执行此单元格以安装所有依赖项。**安装完成后，您可能需要重启运行时（Runtime -> Restart session）。**

In [None]:
!pip install torch transformers numpy scipy scikit-learn tqdm datasets sentencepiece accelerate

## 2. Write Python Files

依次执行以下单元格，将项目的 Python 源代码写入 Colab 环境。

In [None]:
%%writefile moe_watermark.py
import torch
import torch.nn as nn
from transformers import AutoModelForCausalLM
from typing import Callable, Optional, Tuple

class MoEWatermark:
    """
    实现了 MoE Gating 水印的核心逻辑。
    此类的方法将被注入 (patch) 到预训练模型的 MoE Gating 模块中。
    """
    
    def __init__(self, K_sec: str, epsilon: float, num_experts: int, k_top: int, device: torch.device):
        self.secret_key = K_sec
        self.epsilon = epsilon
        self.num_experts = num_experts
        self.k_top = k_top
        self.device = device
        
        # 理论: epsilon = Var[delta_l]
        # 实现: 我们在 "绿色专家" 上施加正偏置 b, 
        # 在 k_top 个 "红色专家" 上施加负偏置 -b', 以保持均值接近0
        # 这是一个简化的实现，更精确的实现需要匹配 Var
        self.bias_strength = torch.sqrt(torch.tensor(self.epsilon, device=self.device)) * 5.0 # 简化的启发式调整

    def get_context_hash(self, hidden_states: torch.Tensor) -> int:
        """
        根据上下文 (hidden_states) 生成一个用于 PRNG 的种子。
        这是一个简化的实现。
        """
        # [batch_size, seq_len, dim] -> [batch_size, seq_len]
        hashed = torch.sum(hidden_states, dim=-1).long() 
        # 使用最后一个 token 的哈希值
        # [batch_size]
        last_token_hash = hashed[:, -1] 
        # 合并 batch 中的哈希值
        seed = torch.sum(last_token_hash).item()
        return hash((self.secret_key, seed))

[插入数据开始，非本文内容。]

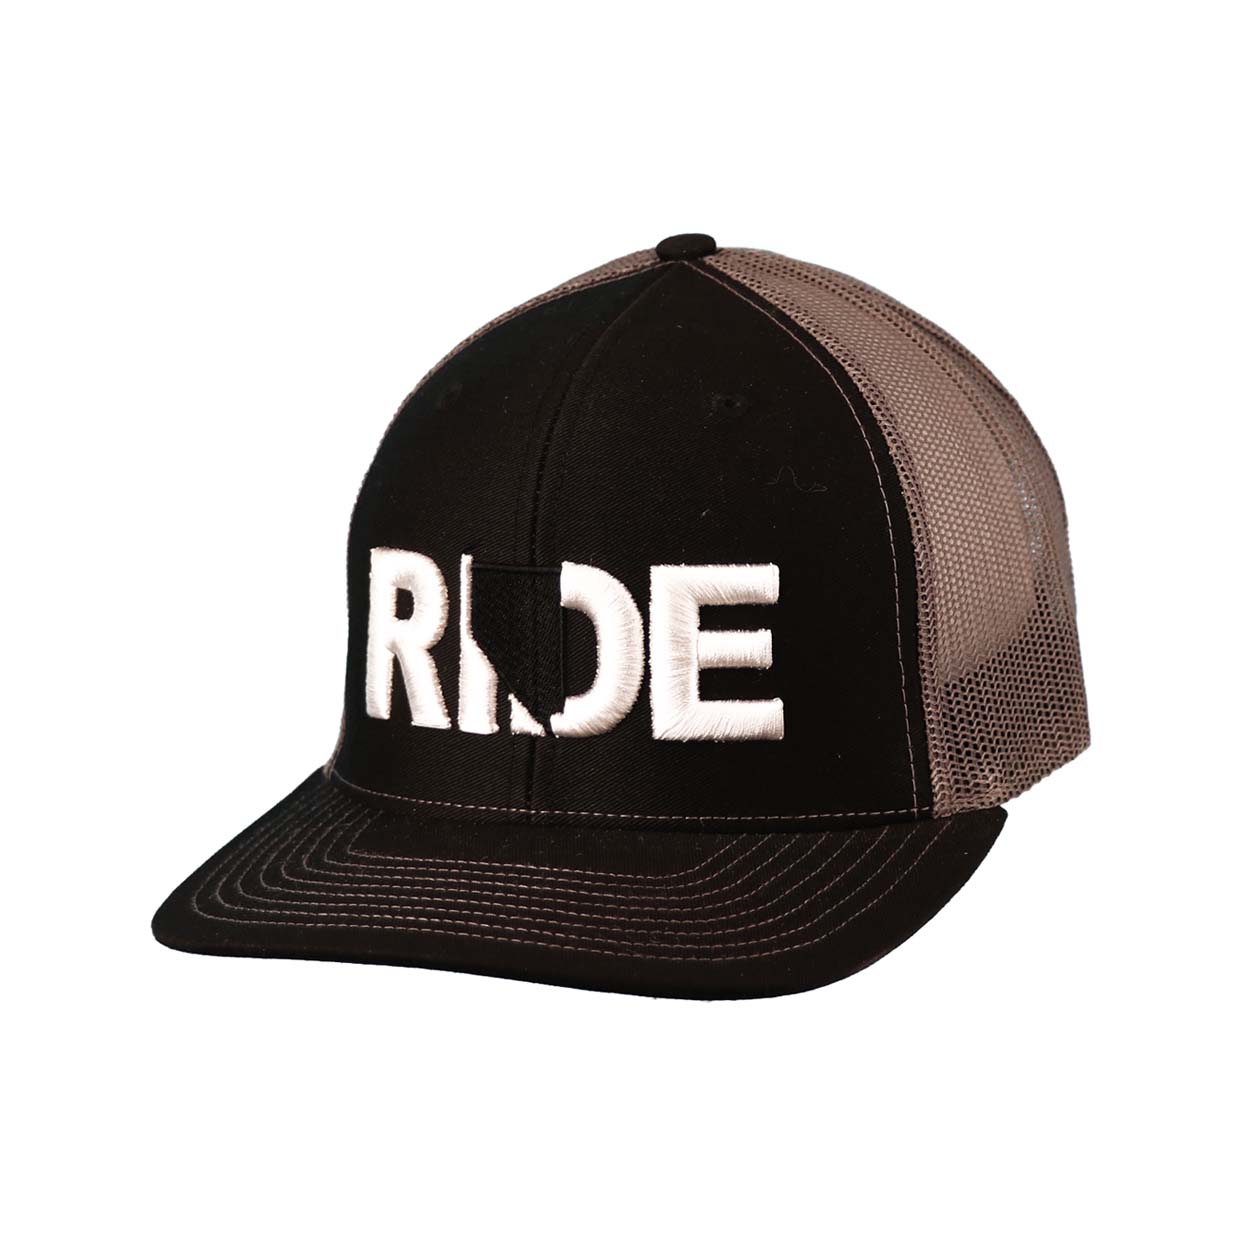 Ride Nevada Classic Pro 3D Puff Embroidered Snapback Trucker Hat Black/Gray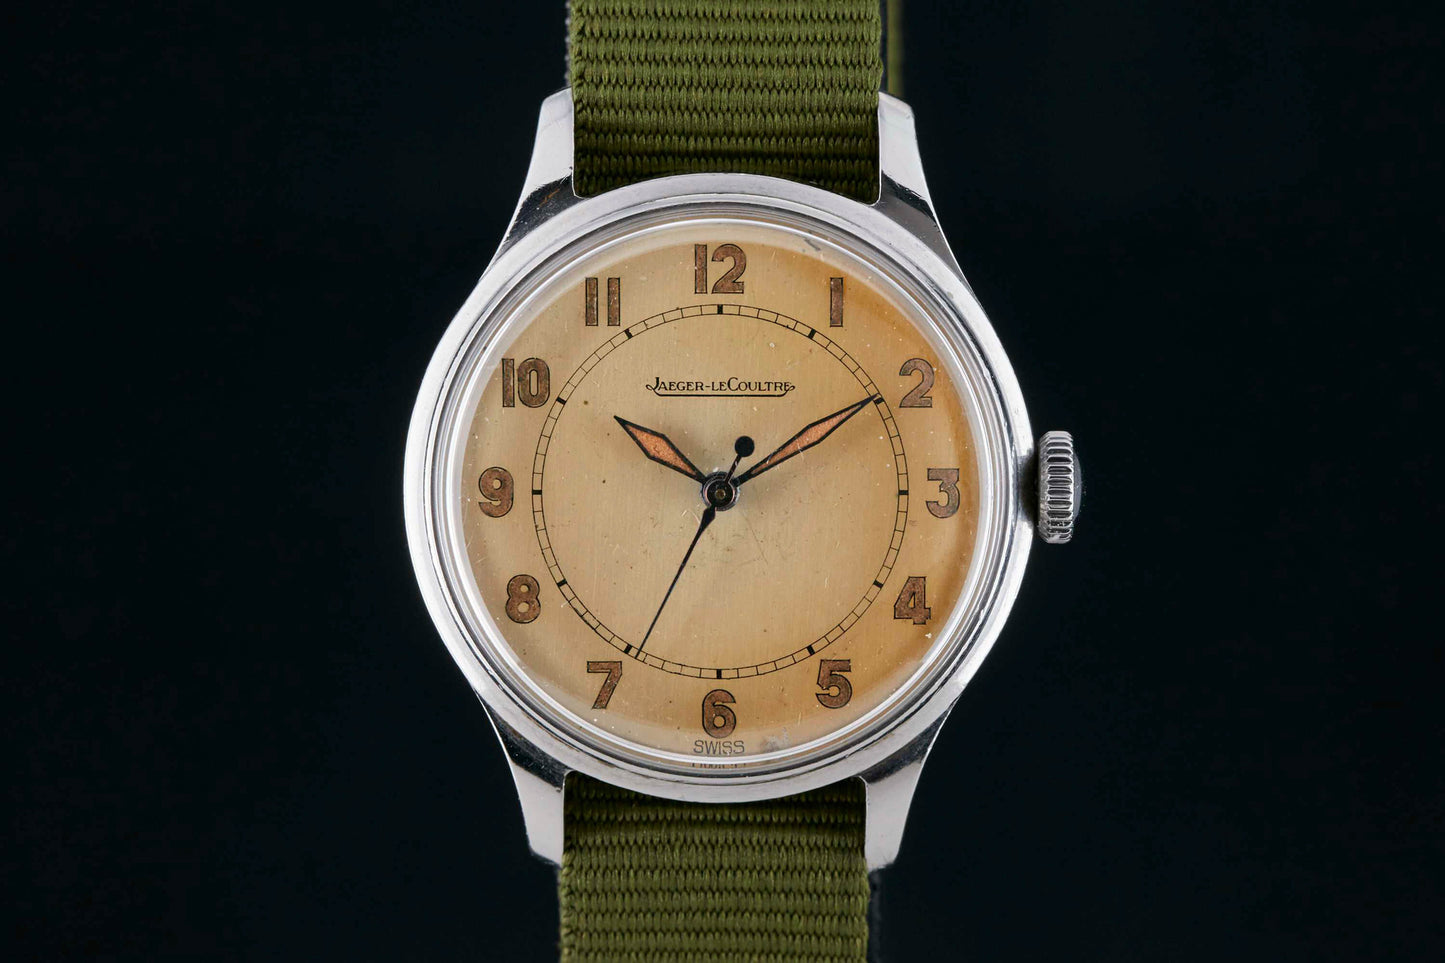 Jaeger LeCoultre Reference 159

    def get_bias_vector(self, hidden_states: torch.Tensor) -> torch.Tensor:
        """
        生成偏置向量 delta_l。
        严格遵循方案 2. 节。
        """
        batch_size, seq_len, _ = hidden_states.shape
        context_hash = self.get_context_hash(hidden_states)
        
        # 使用确定性的种子
        generator = torch.Generator(device=self.device)
        generator.manual_seed(context_hash)
        
        delta_l = torch.zeros((batch_size, seq_len, self.num_experts), device=self.device)
        
        # 1. 选择一个 "绿色专家"
        green_expert = torch.randint(0, self.num_experts, (batch_size, seq_len), generator=generator, device=self.device)
        
        # 2. 施加正偏置
        delta_l.scatter_(-1, green_expert.unsqueeze(-1), self.bias_strength)
        
        # 3. (可选) 施加负偏置以平衡
        # ...
        
        return delta_l

    def watermarked_router_forward(
        self, 
        original_forward: Callable, 
        hidden_states: torch.Tensor
    ) -> Tuple[torch.Tensor, torch.Tensor, torch.Tensor, torch.Tensor, torch.Tensor]:
        """
        被修补 (patched) 的前向传播函数。
        """
        # 1. 原始 logits
        # [batch_size, seq_len, num_experts]
        l_0 = original_forward(hidden_states)
        
        # 2. 生成并注入偏置
        delta_l = self.get_bias_vector(hidden_states)
        l_1 = l_0 + delta_l
        
        # 3. 计算 p0 (用于检测器) 和 p1 (用于路由)
        # 注意: p0 和 p1 都是完整的 softmax 分布
        p_0_dist = torch.softmax(l_0, dim=-1)
        p_1_dist = torch.softmax(l_1, dim=-1)
        
        # 4. Gating 路由（实际执行）
        # 使用 l_1 (水马 logits) 进行 Top-k 选择
        # [batch_size, seq_len, k_top]
        top_k_scores, S_indices = torch.topk(p_1_dist, self.k_top, dim=-1)
        
        # 归一化 top-k 得分
        top_k_scores = top_k_scores / (top_k_scores.sum(dim=-1, keepdim=True) + 1e-9)
        
        # 5. 返回检测器所需信息
        # p0, p1 (完整分布), S_indices (k个激活索引)
        return top_k_scores, S_indices, p_0_dist, p_1_dist, S_indices

def patch_moe_model_with_watermark(
    model: AutoModelForCausalLM, 
    K_sec: str, 
    epsilon: float
) -> AutoModelForCausalLM:
    """
    "修补" 一个预训练的 MoE 模型，注入水印逻辑。
    注意：这高度依赖于模型的具体实现 (如此处的 Mixtral)。
    """
    
    # 假设模型是 Mixtral
    if "Mixtral" not in model.config.model_type:
        raise NotImplementedError("此修补脚本目前仅支持 Mixtral 架构。")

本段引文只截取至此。